Analysts at Nomura suggest that their China’s Composite Leading Index (CLI) continued to pick up in March from January-February, but the overall Q1 average remained low compared with Q1 2017.

Key Quotes

“The rise in the CLI was mainly driven by widening yield spread, strong production of metal-cutting machines and crude steel, as well as solid quasi money supply. Production of autos and chemical fibres, stock market performance, trade growth and PPI inflation weighed on the headline number in March.”

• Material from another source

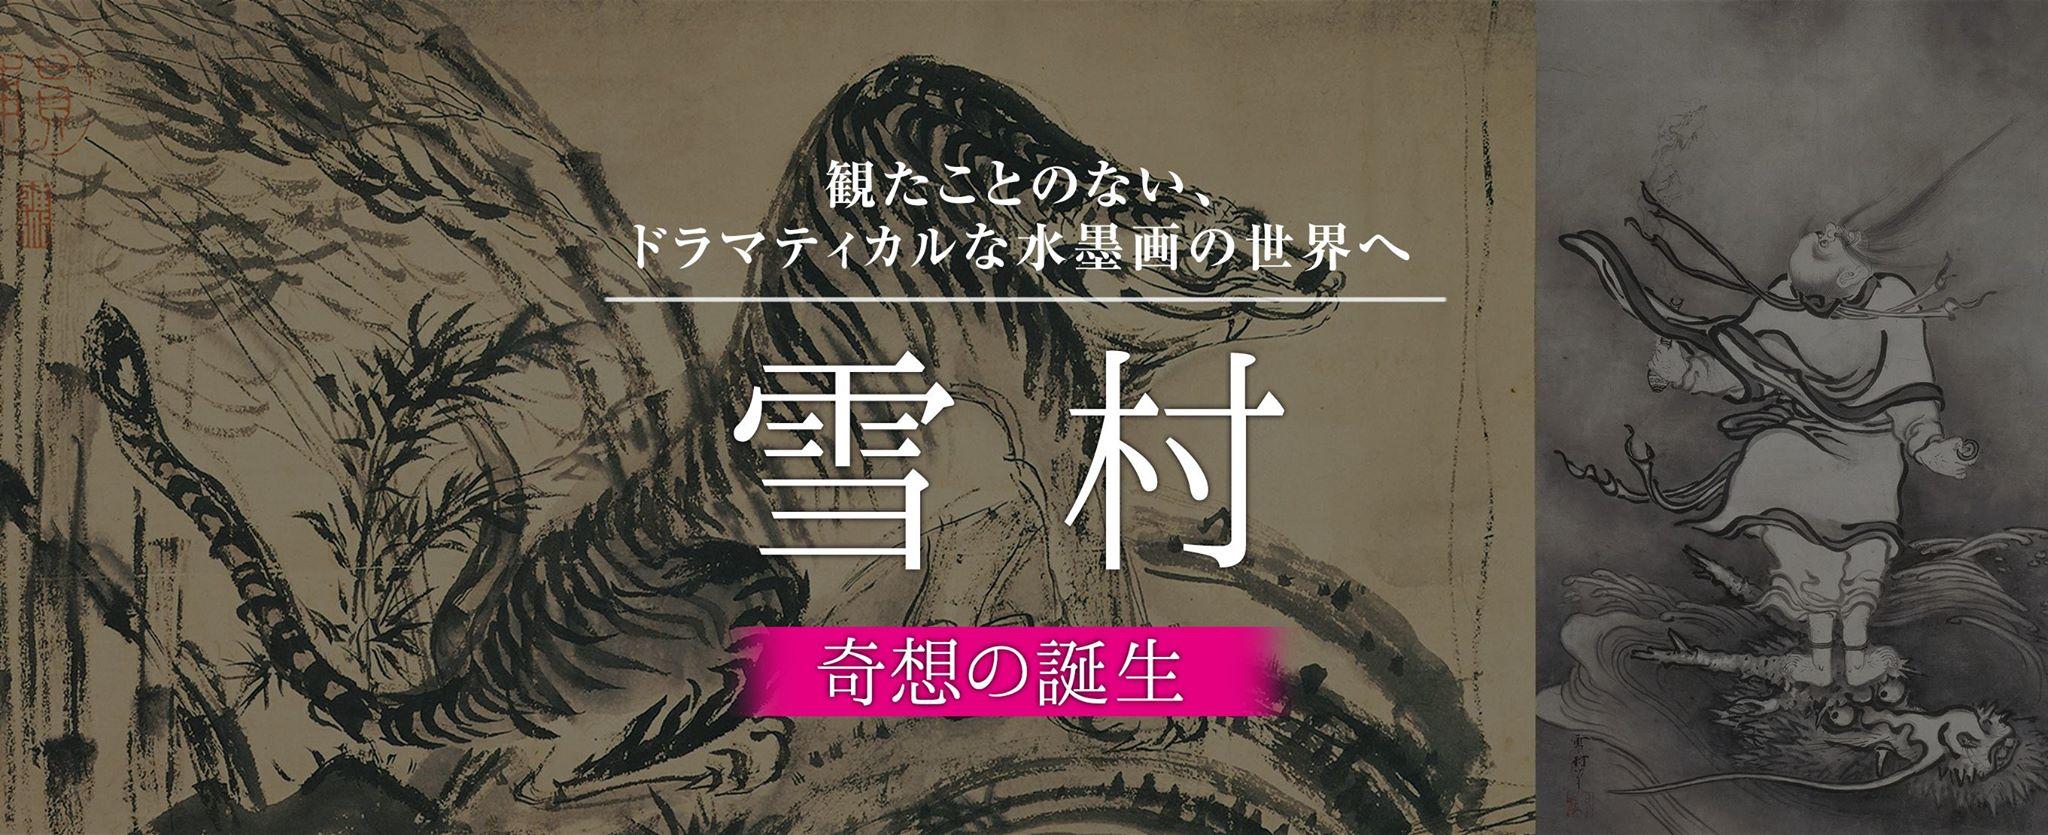 観たことのない、ドラマティカルな水墨画の世界へ 特別展「雪村—奇想の誕生—」
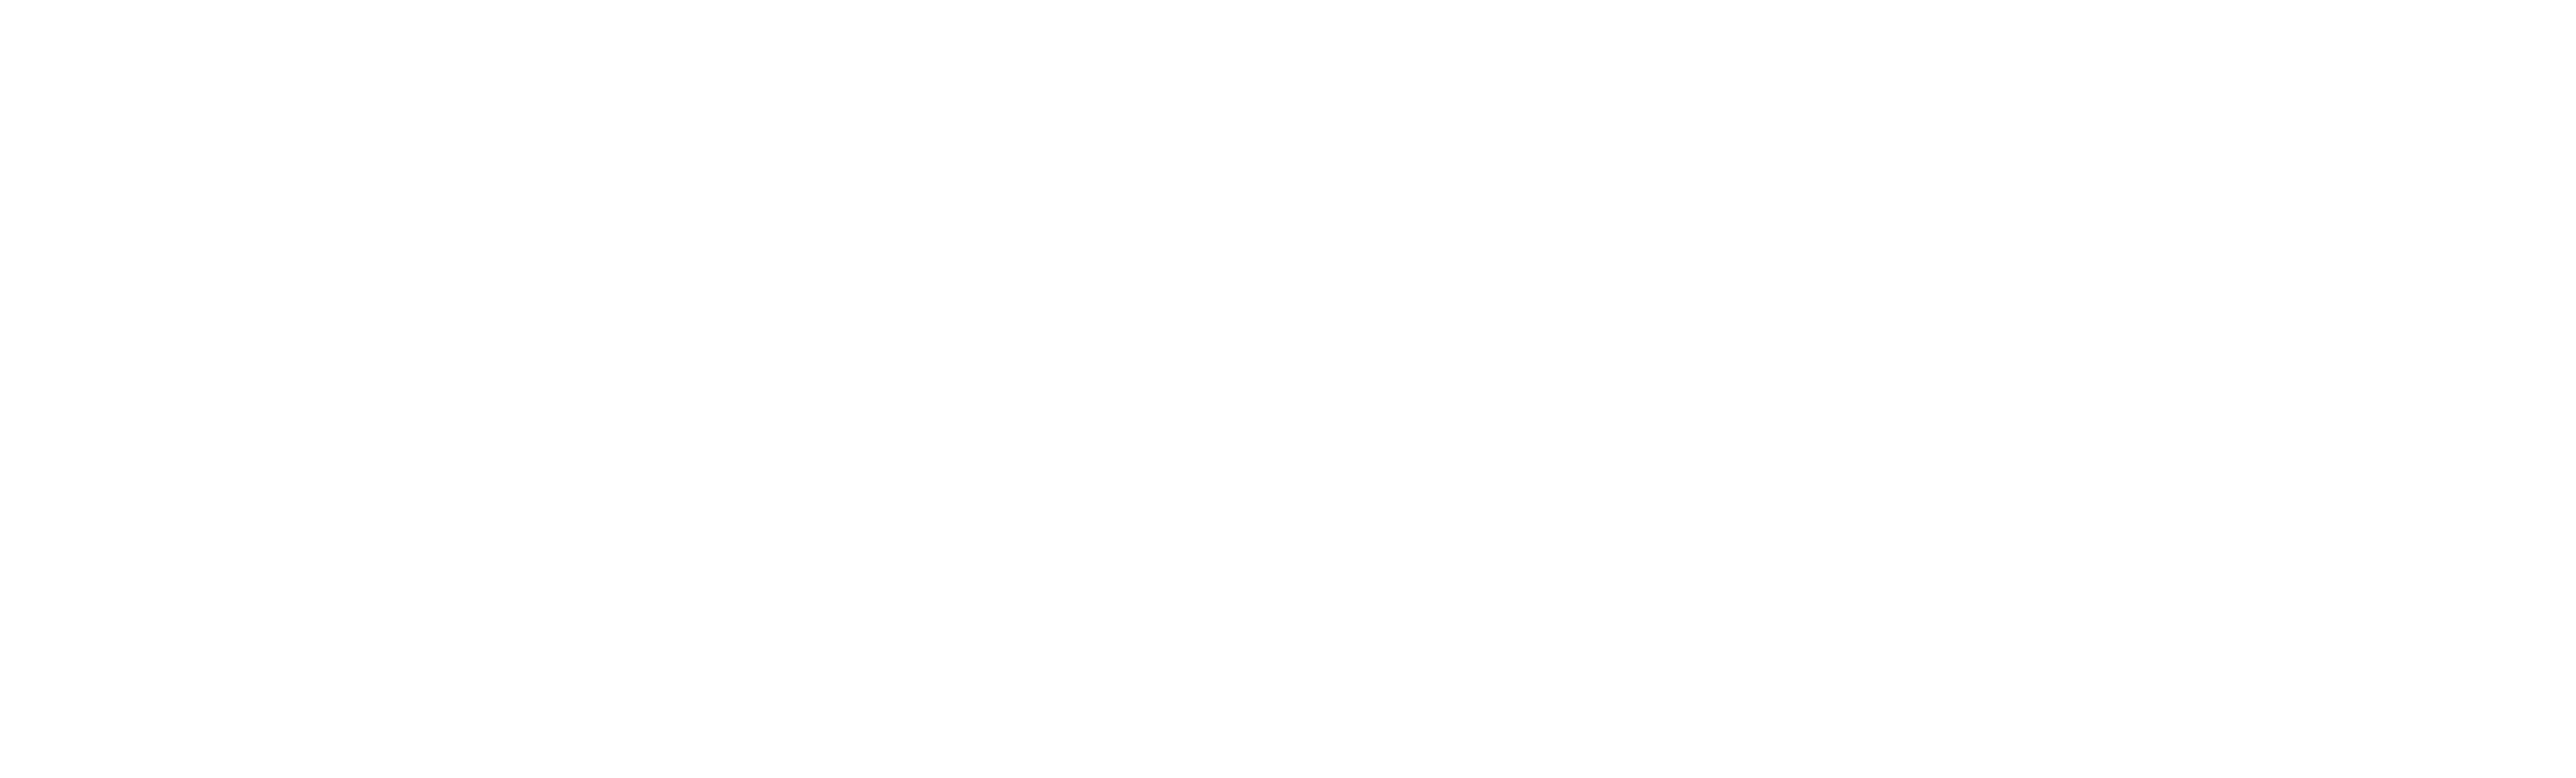 logo_nphoto.png

“Our Monetary Policy Signal Index (MPSI), which measures the probability of monetary policy tightening (positive) or loosening (negative), rose to -0.25 from a downward revised -0.32 in April. This suggests China’s monetary policy stance will continue to move towards the neutral zone in May. The People’s Bank of China lowered the reserve requirement ratio (RRR) by 100bp in late April, not a sign of monetary policy easing, but to maintain stable liquidity conditions, in our view. This RRR cut strengthens our conviction that China’s money supply is experiencing a regime change from one driven by the monetary base to one driven by growth of the money multiplier, and the pace of interest rate liberalisation may speed up further. We continue to expect a neutral monetary policy stance through this year, to support China’s multi-year task of financial deleveraging.”